- Opening Delimiter -

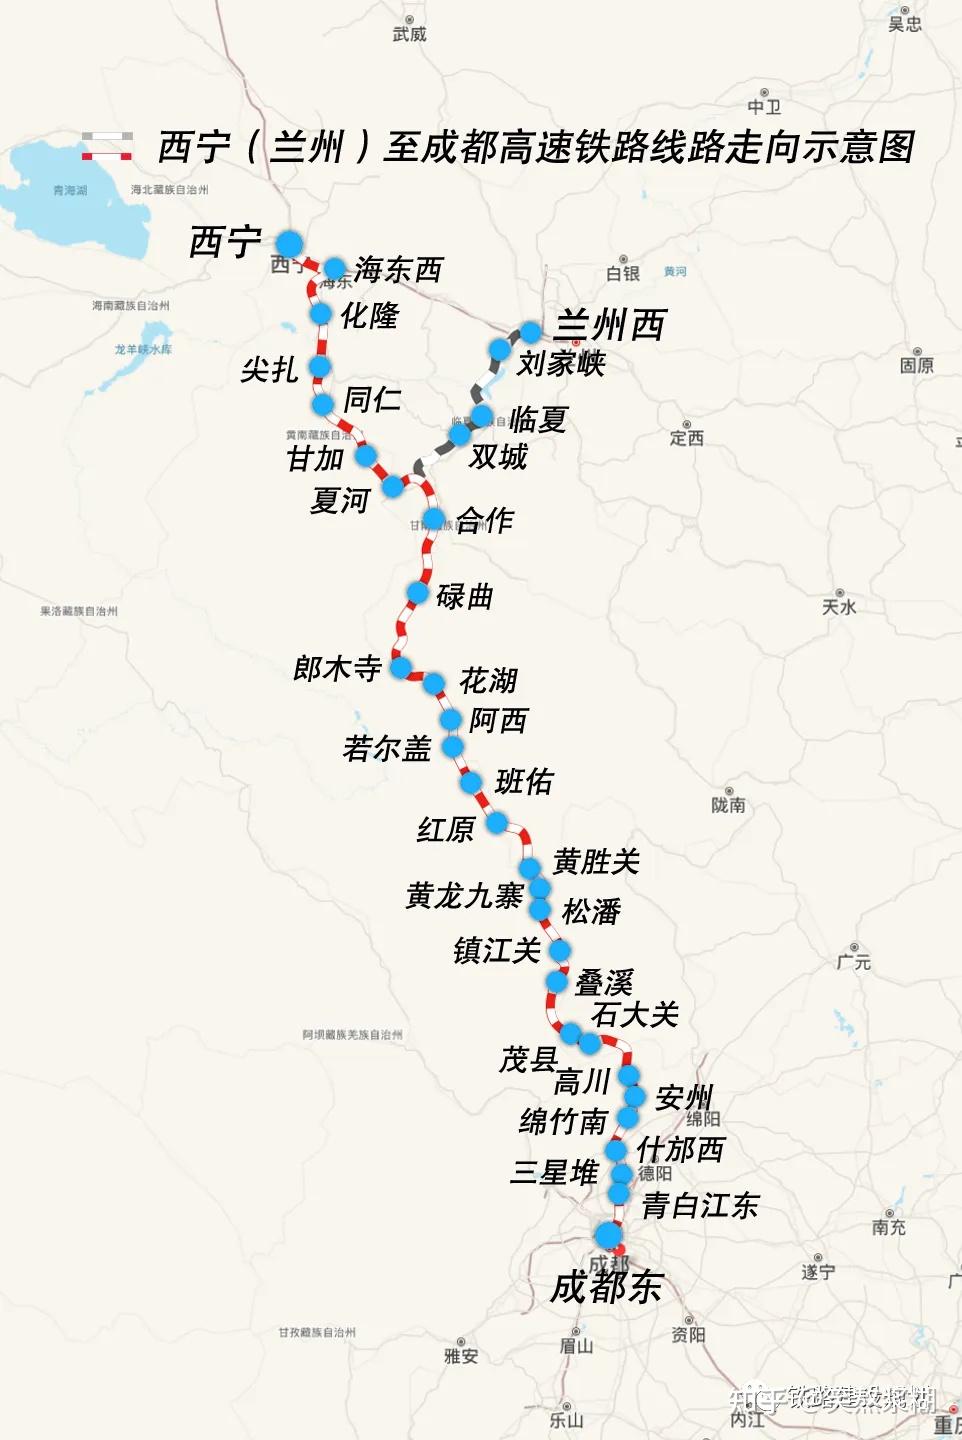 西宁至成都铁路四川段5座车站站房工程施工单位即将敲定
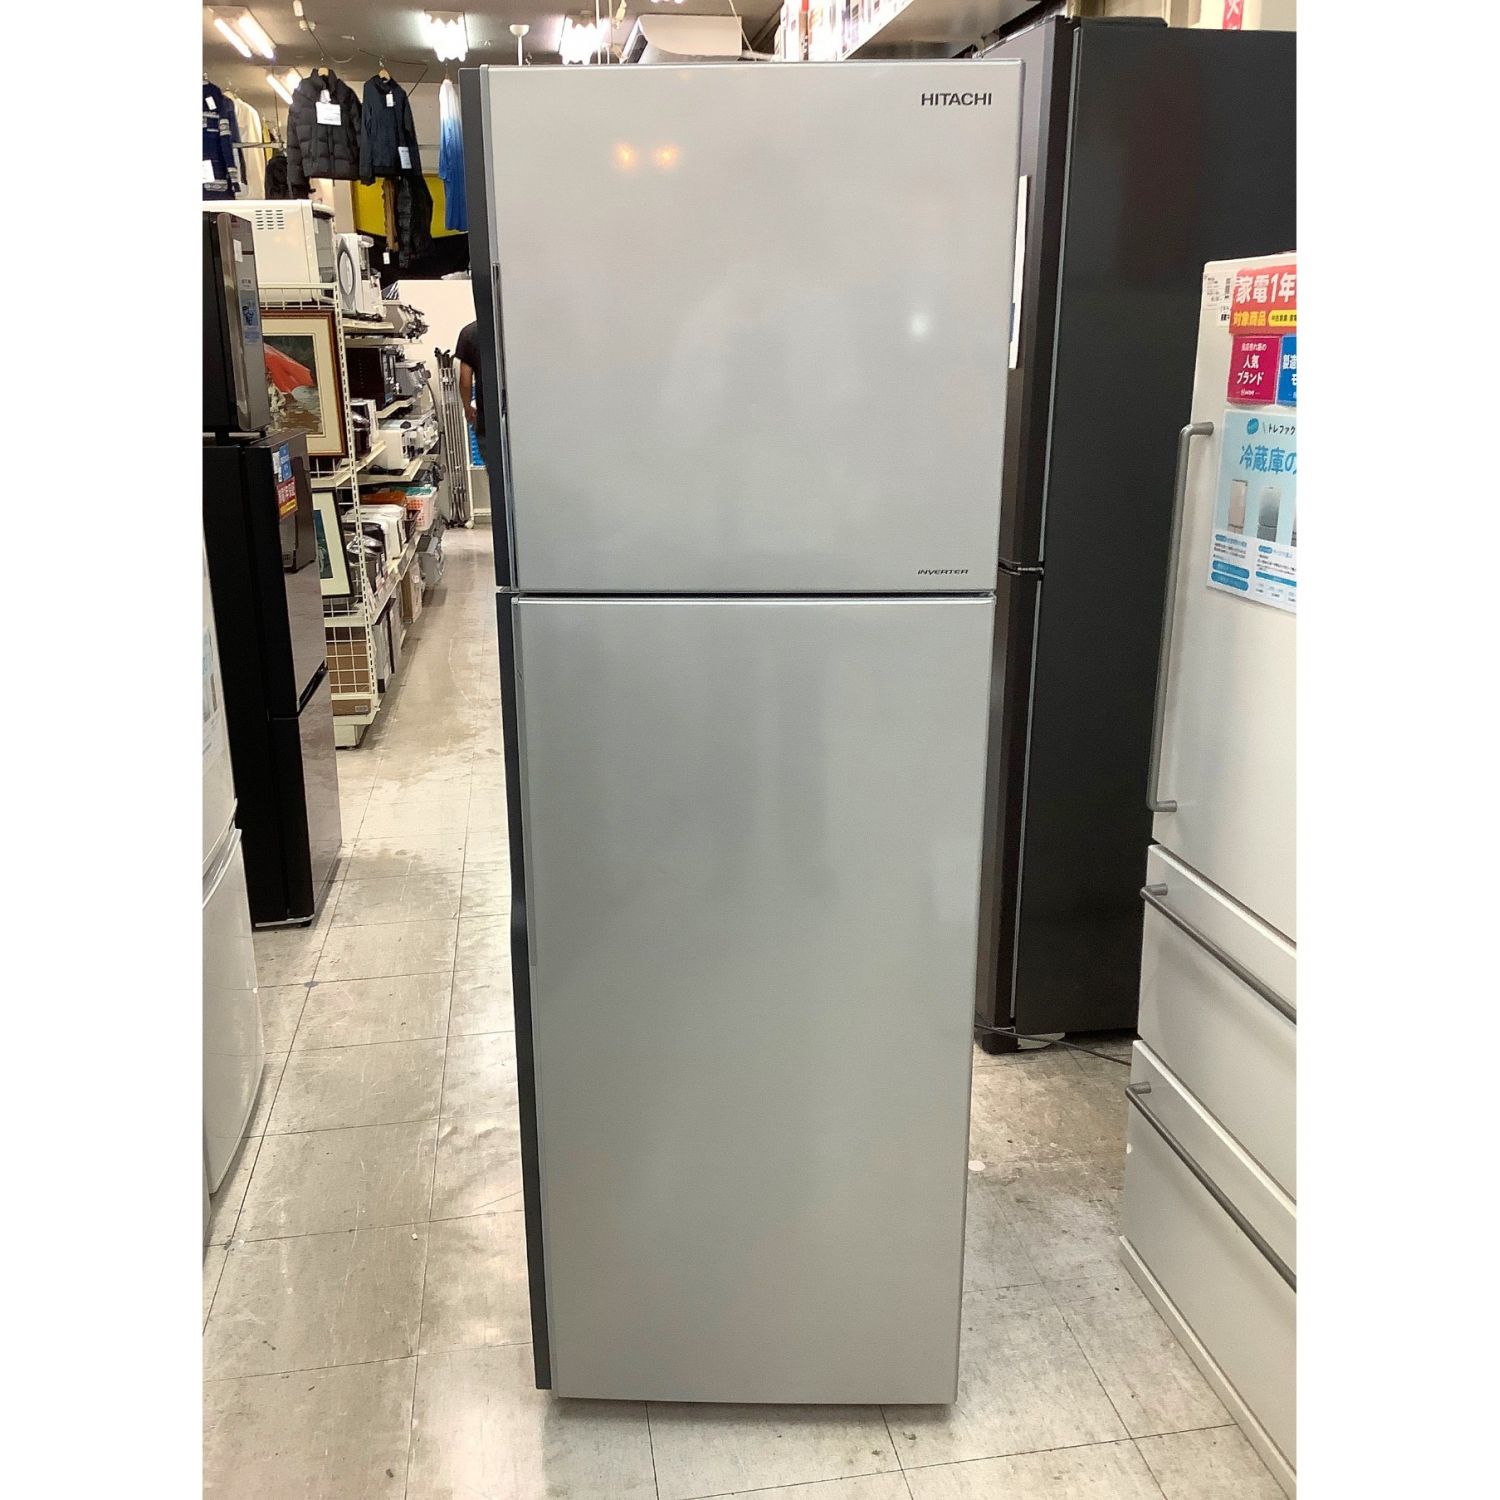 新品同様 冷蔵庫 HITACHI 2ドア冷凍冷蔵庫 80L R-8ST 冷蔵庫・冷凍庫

- Closing Delimiter -
- Opening Delimiter -

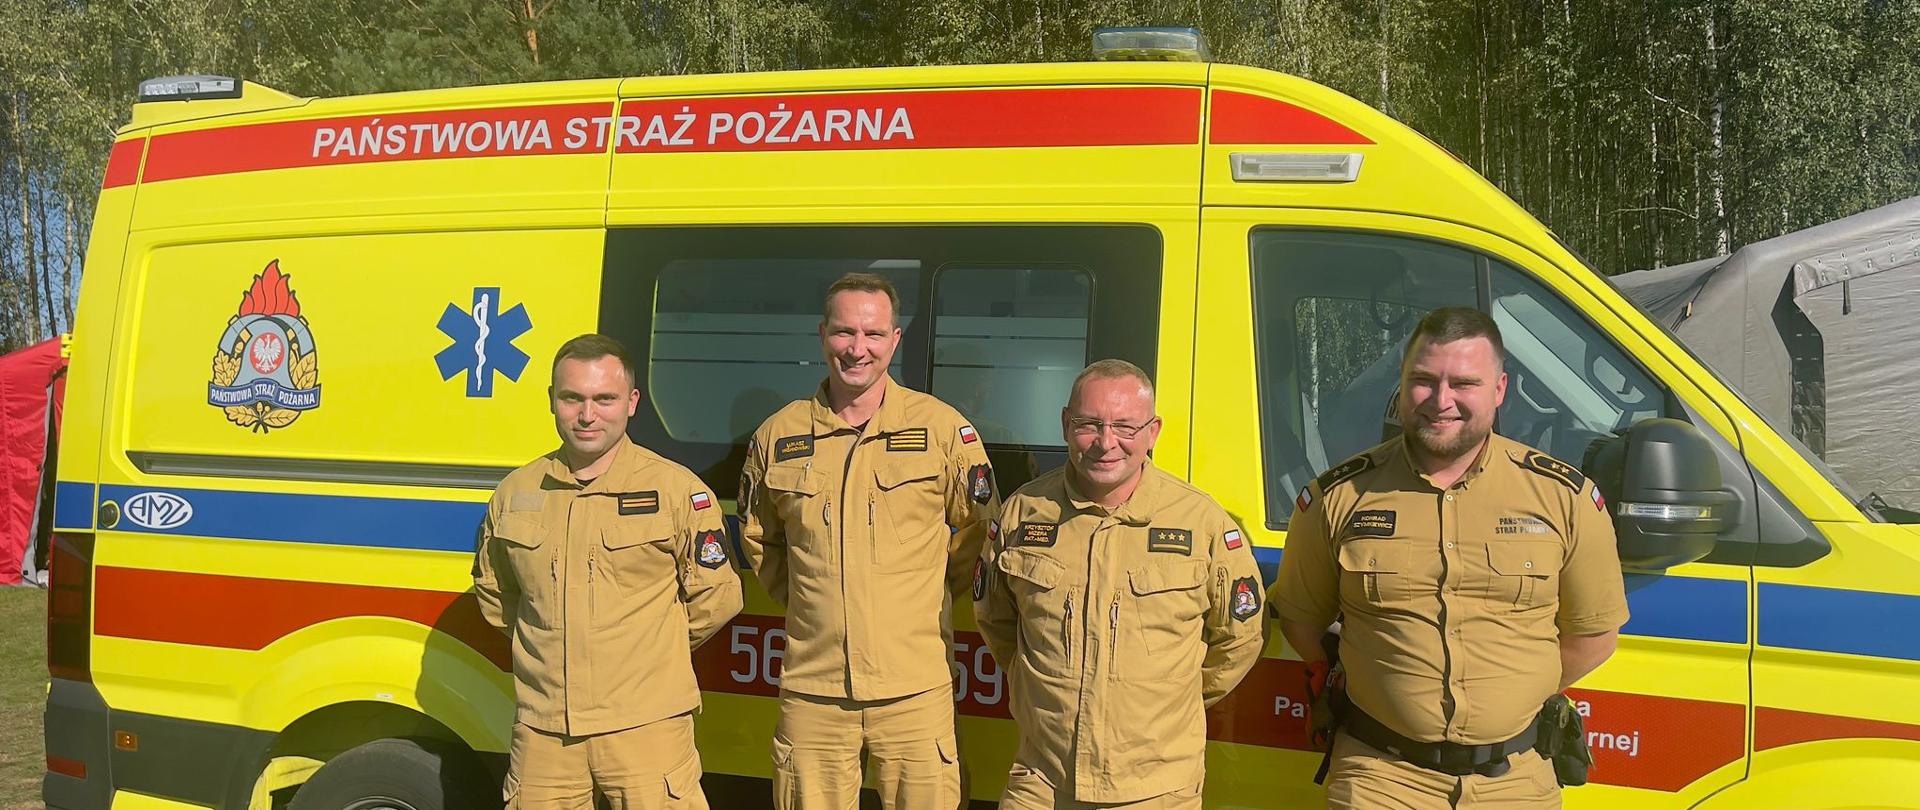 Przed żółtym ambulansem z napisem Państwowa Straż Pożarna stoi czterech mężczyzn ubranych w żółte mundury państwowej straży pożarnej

- Closing Delimiter -

> [WHAT YOU ARE ASKED TO DO]: Reproduce the data above exactly, but only from the line containing "西宁至成都铁路四川段5座车站站房工程施工单位即将敲定" through the line containing "新品同様 冷蔵庫 HITACHI 2ドア冷凍冷蔵庫 80L R-8ST 冷蔵庫・冷凍庫"; skip the pictures.

> [RESPONSE TO THE TASK]:
 西宁至成都铁路四川段5座车站站房工程施工单位即将敲定
 新品同様 冷蔵庫 HITACHI 2ドア冷凍冷蔵庫 80L R-8ST 冷蔵庫・冷凍庫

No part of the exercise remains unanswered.